創造力は想像力:アニメーション評論のすそ野を広げたい : 山村浩二

国際的な受賞は60以上、回顧上映も30カ国に達している。昨年10月のブラチスラバ・アニメーション・ビエンナーレスロバキア)では日本人として初の特別賞を受賞し、作品上映やパネル展示のほか、記念講演も行われた。研究者、批評家としても、海外のアニメーション映画祭の審査員に12回も招かれている。3回は審査委員長だ。

「作家を目指す人は自分で勉強するでしょうが伸び悩む人も多い。自分の制作に影響が出るかもしれないと躊躇(ちゅうちょ)しましたがきちんとした教育機関で若者を育てたいとも思った」

山村さんは教授を引き受けた理由をこう説明する。アニメーション専攻の学生は16人。1年生の後半からはゼミ形式となる。2年間で修了作品をつくるのが目標だが、演出などの実技指導に加え、歴史や各国の作家など世界の事情も教える。「評論のすそ野を広げたい」という思いがあるからだ。

制作面では、キャラクター主体の「マンガアニメ」を含むアニメーションの各分野で、日本人が世界的な活躍をしている。

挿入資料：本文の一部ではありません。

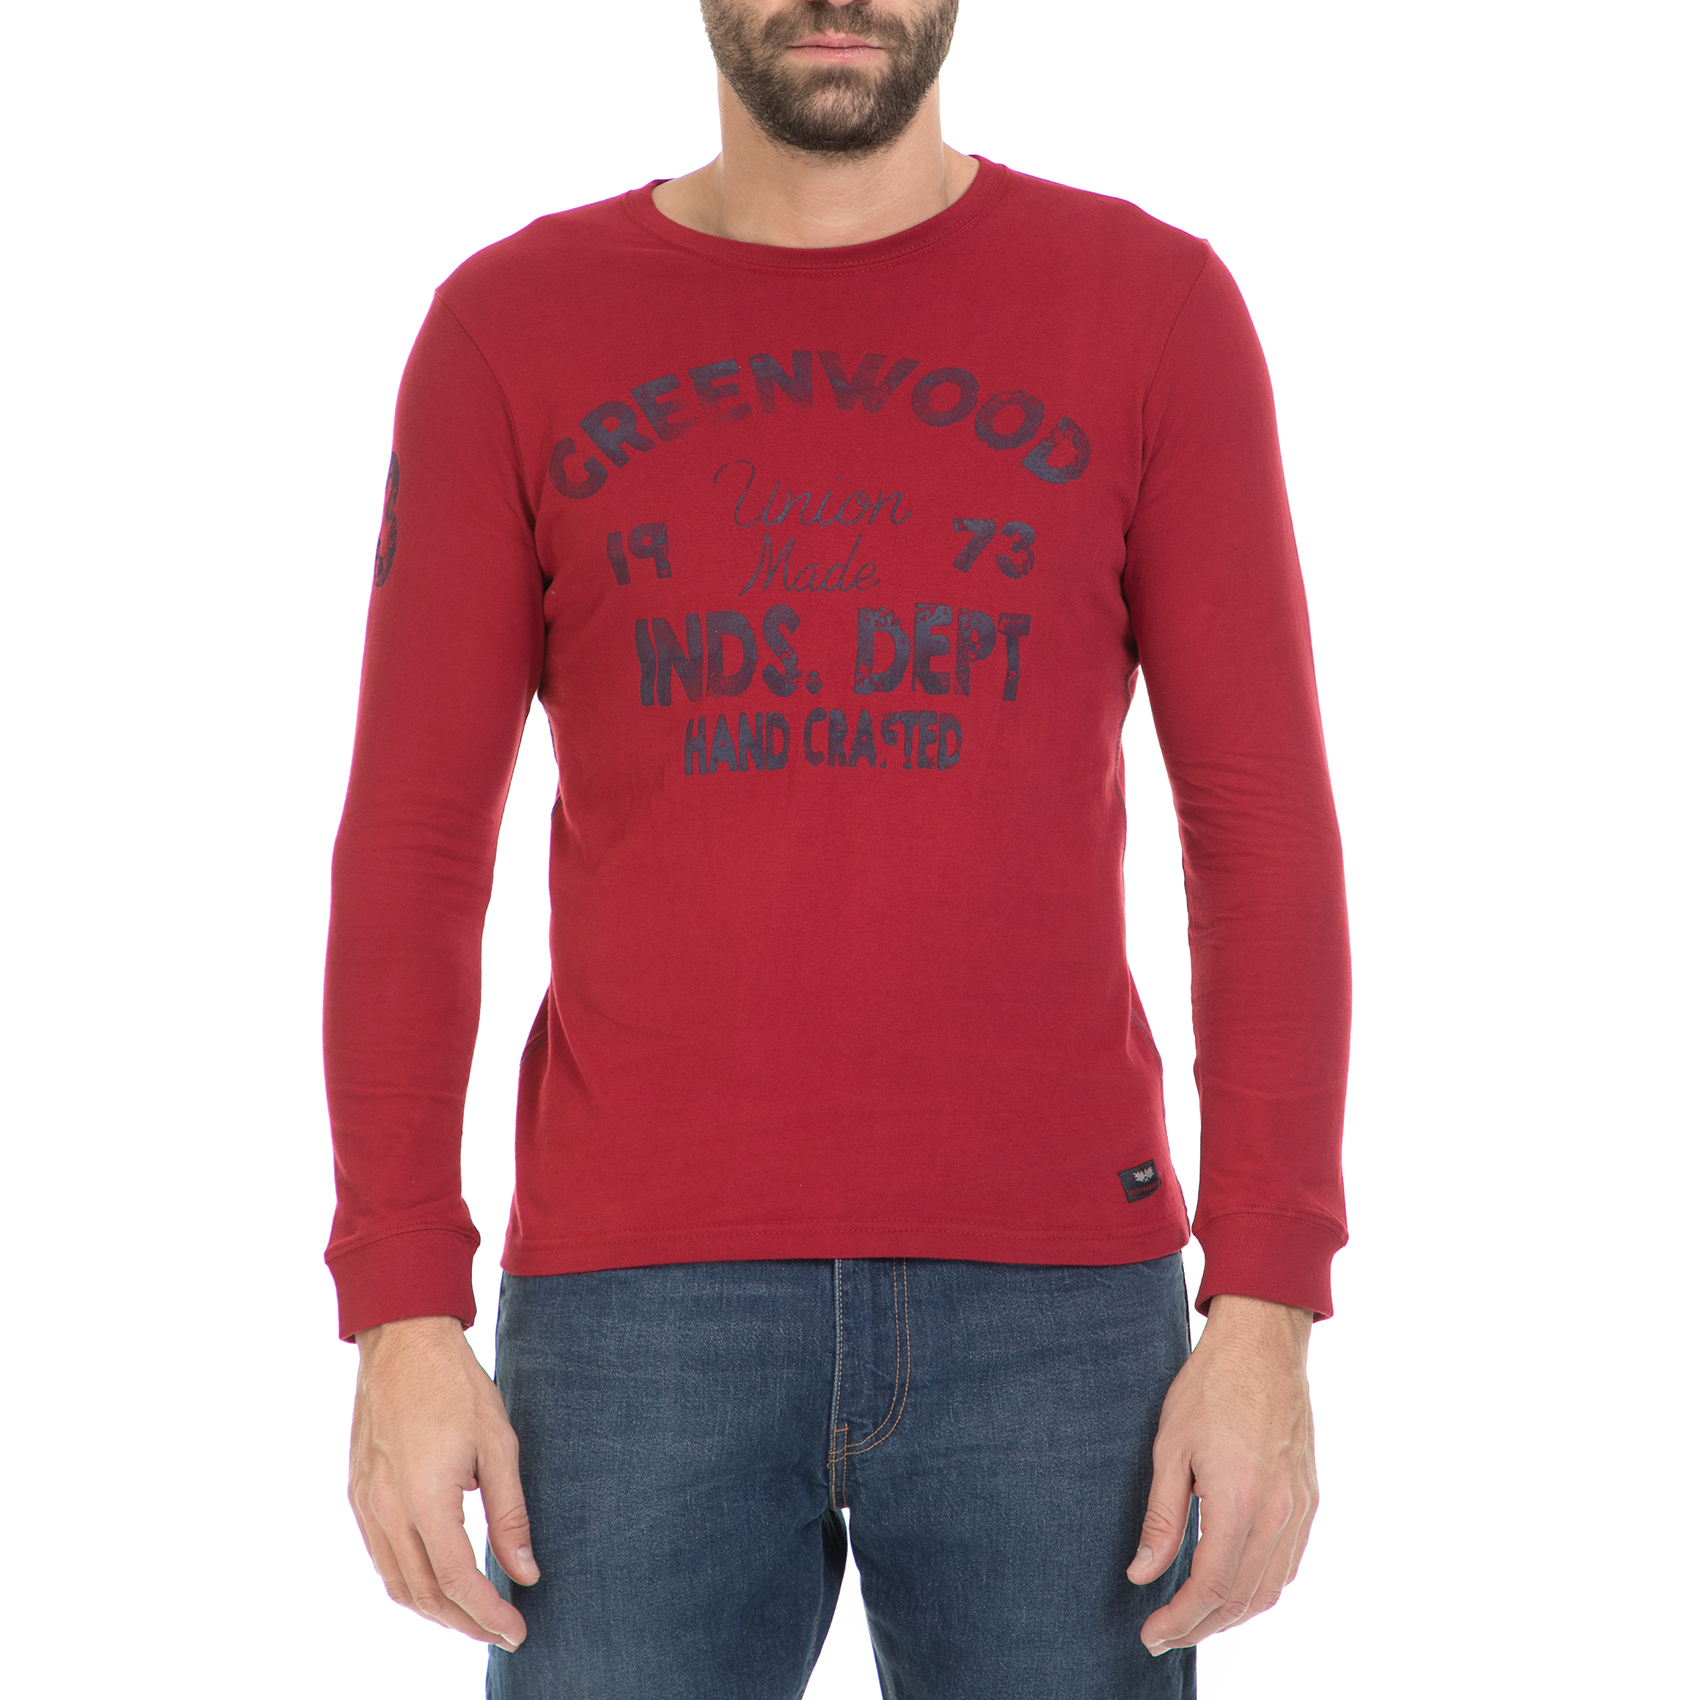 GREENWOOD - Ανδρική μπλούζα GREENWOOD κόκκινη Ανδρικά/Ρούχα/Μπλούζες/Μακρυμάνικες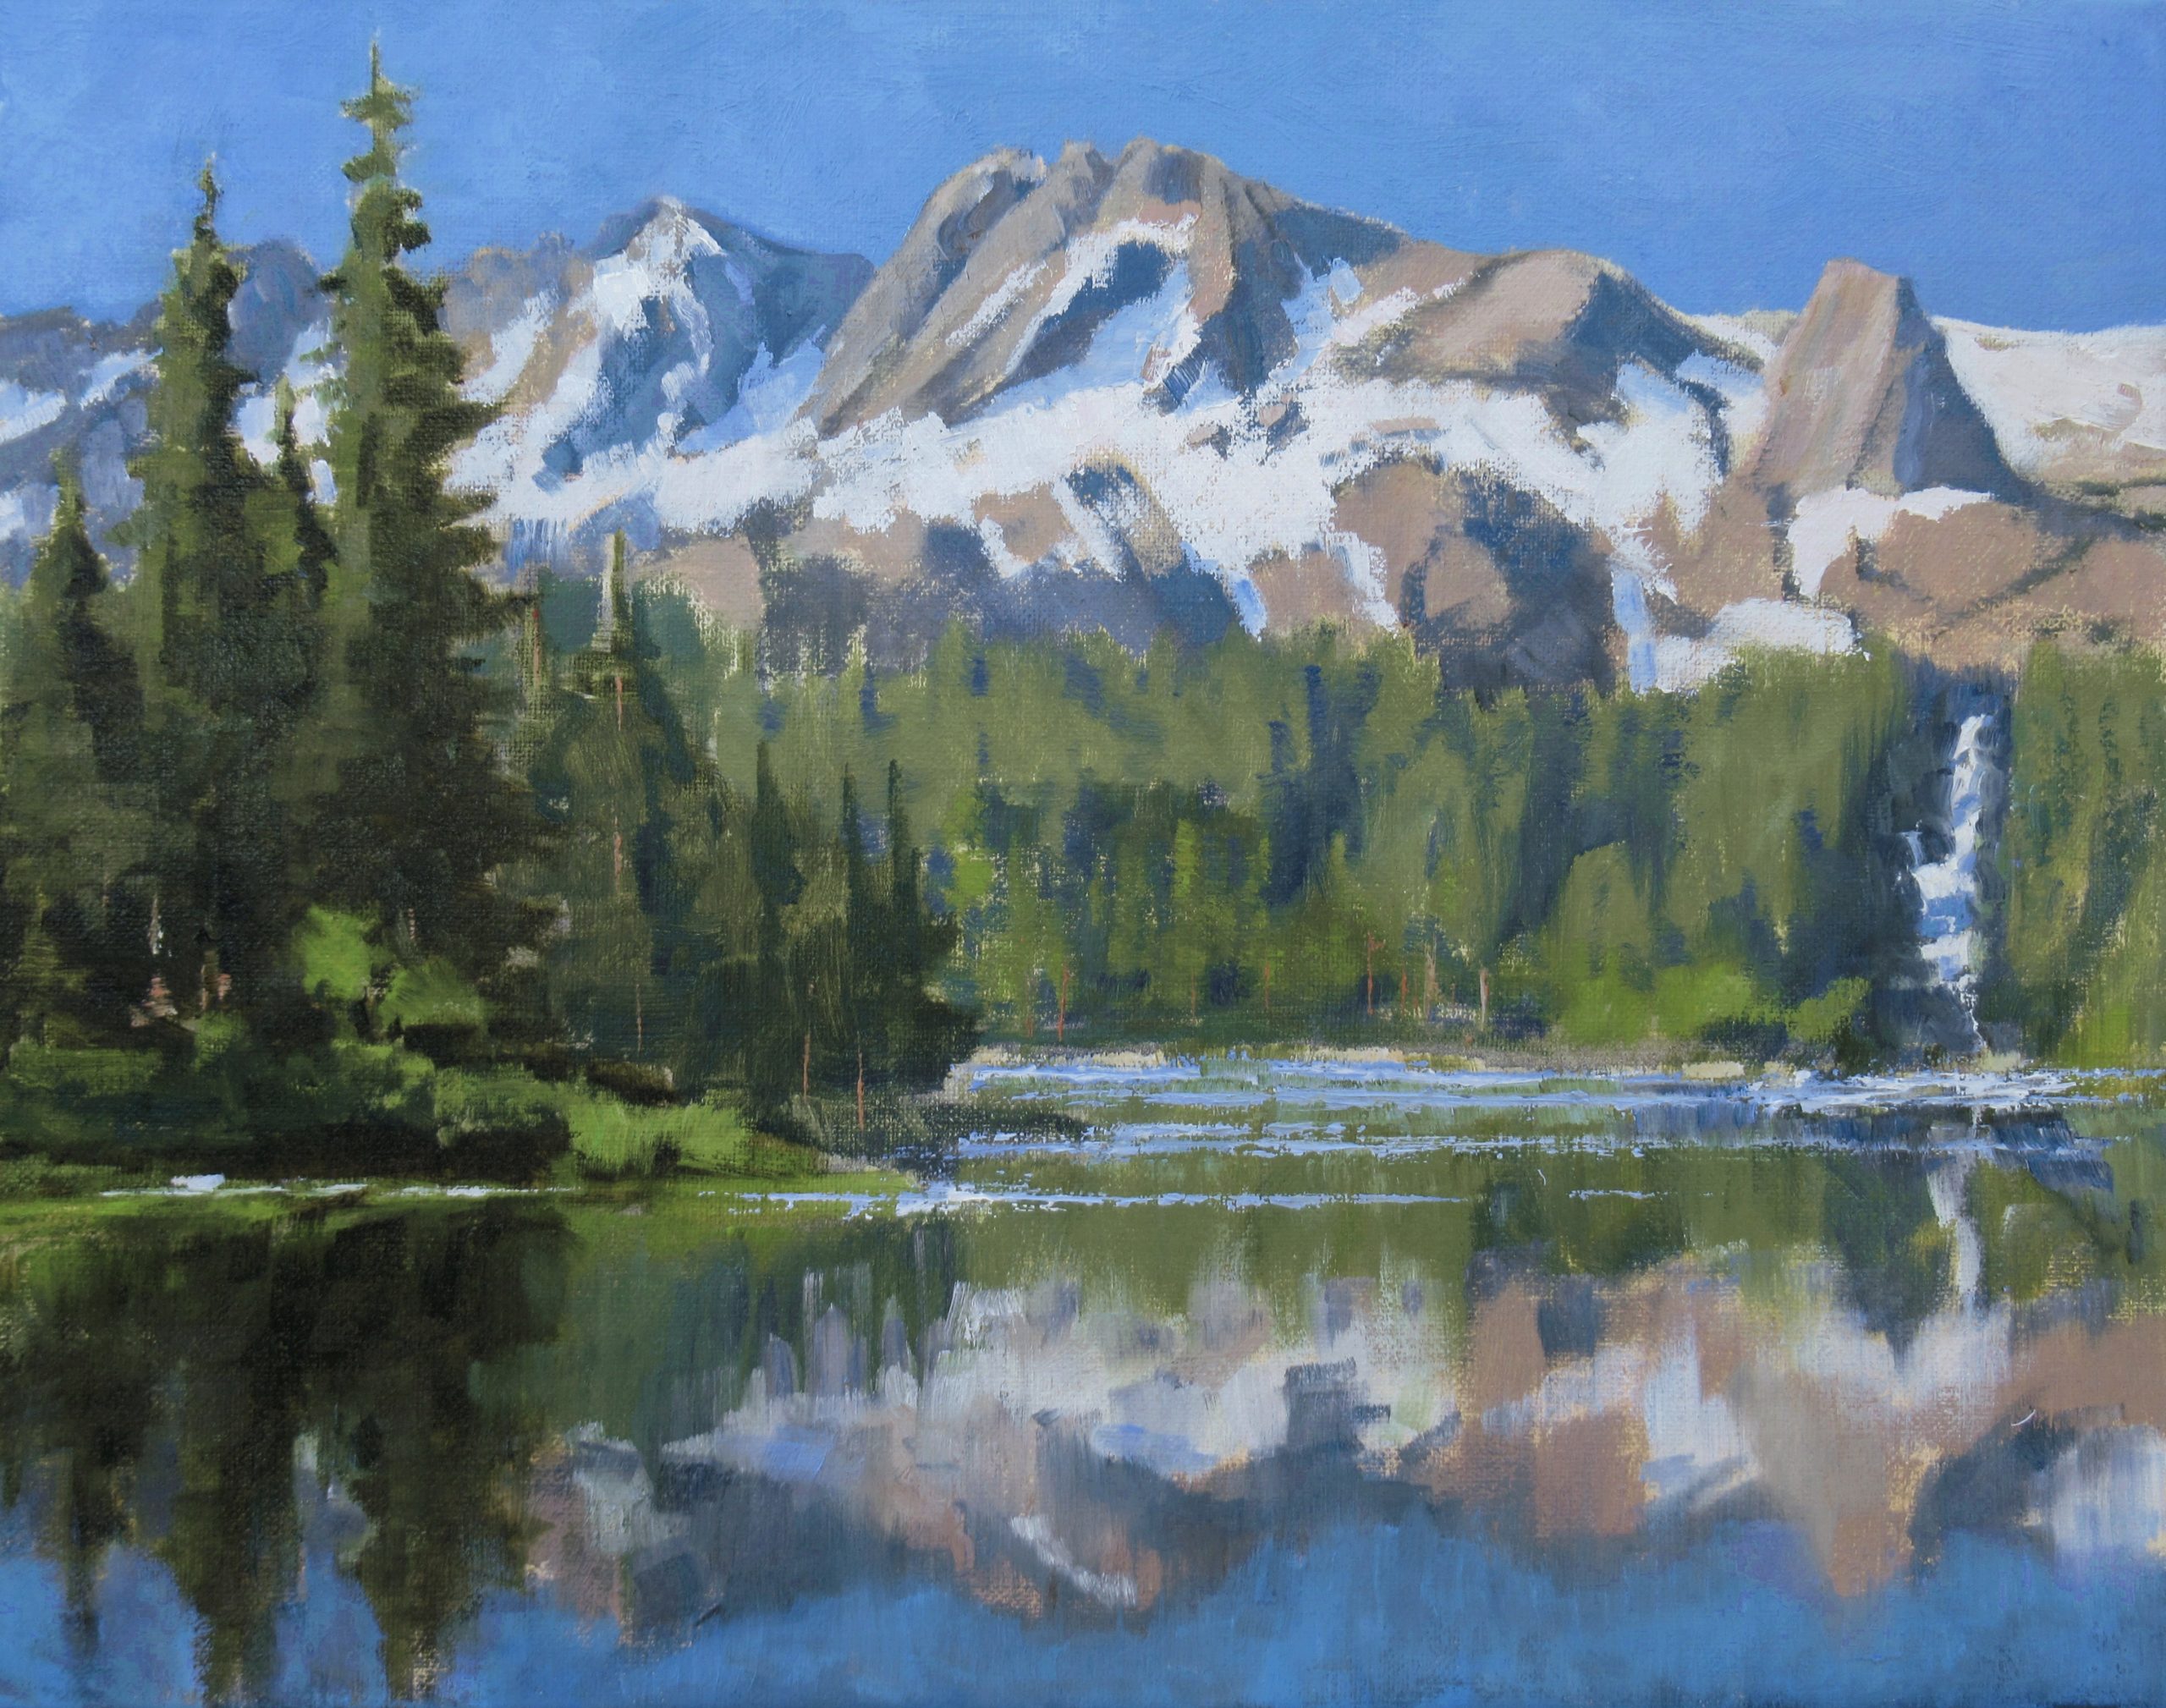 Sharon Weaver, "Mammoth Lake Summer," 11 x 14 in., Oil, at Twin Lakes near Mammoth Lakes, CA.

だが、表現豊かな広義のアニメーションの状況を理解し、歴史と作品を語れる人は意外と少ない。アニメ評論といえば「萌(も)え」や「オタク」文化などの社会現象かキャラクター論になりがちだ。山村さんがこだわる短編アニメーションの世界になると、ほとんどいない。大学院の専攻案内には「アニメーションをとらえ直す批評的営為が、日本だけでなく世界的に必要」と書かれていた。